Ночь проходит, и в камеру прокрался первый, слабый серый рассвет. Вариния должна была встать, поднявшись в свой полный рост, и ее лицо оказывалось на одном уровне с окном камеры. Если бы она выглянула из камеры, то увидела бы тренировочную площадку с оградой из железных прутьев и возле нее сонных солдат, которые днем ​​и ночью стоят на страже. Она это хорошо знает. Камера и цепи не являются ее естественной средой обитания, как для Спартака.

Эта женщина наполнила Батиата любовным пылом и восторгом.

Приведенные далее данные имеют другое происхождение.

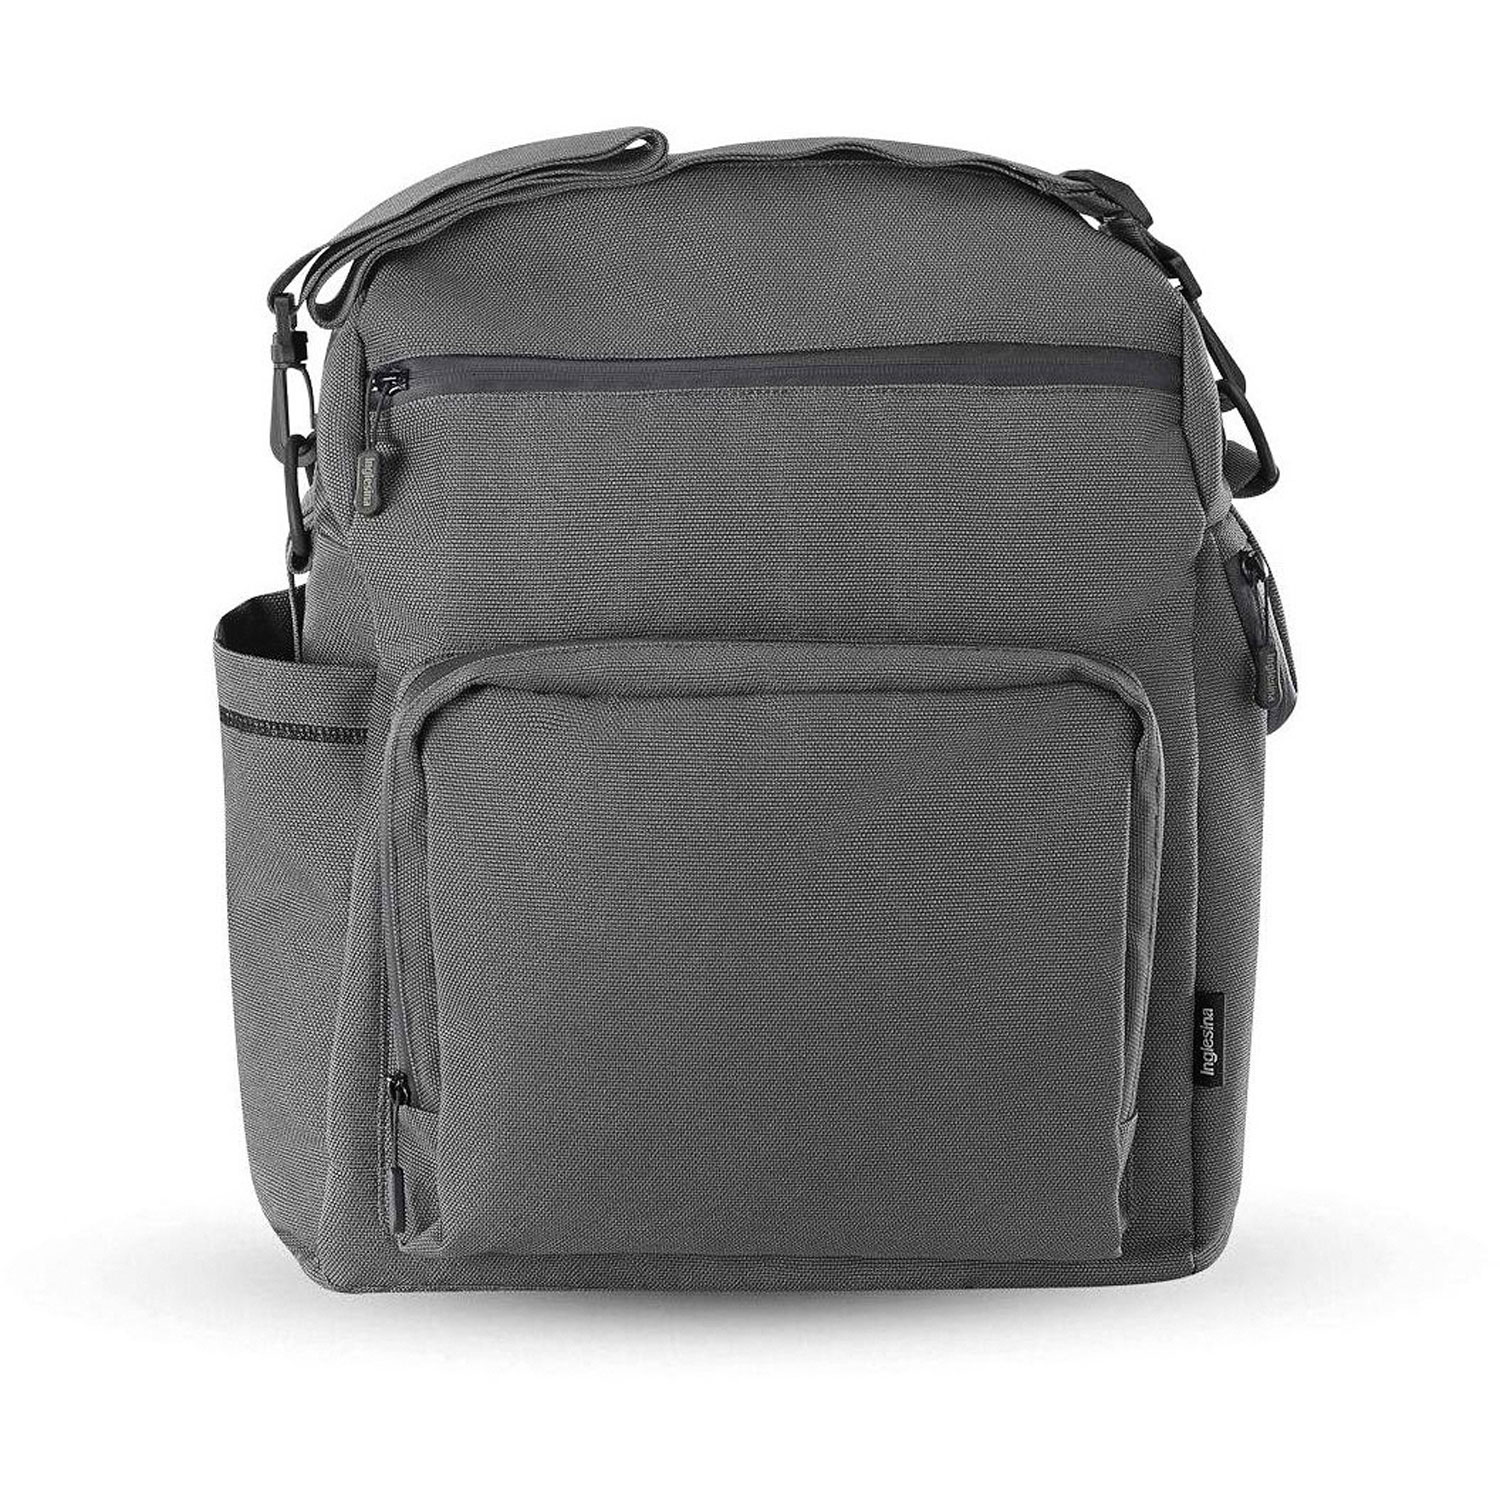 Сумка-рюкзак для коляски ADVENTURE BAG, цвет CHARCOAL GREY (2021) Inglesina mutsy сумка для коляски nio adventure

Его агент купил ее в Риме, по сути, очень дешево, всего за 500 денариев, поэтому он знал, что товар едва ли небезупречен, но просто взгляд на нее, наполнил его рвением и восторгом. Во-первых, она была высокой и хорошо сложенной, как многие женщины из Германских племен, а Батиат восхищался высокими стройными женщинами. Во-вторых, она была очень молода, не больше двадцати или двадцати одного года, а Батиату нравились молодые женщины. Вдобавок еще одна вещь, она была довольно красивой и ее голову украшала большая копна волос золотого цвета, а Батиат предпочитал красивых женщин с прекрасными волосами. Так что не трудно понять, почему она наполнила ланисту рвением и восторгом.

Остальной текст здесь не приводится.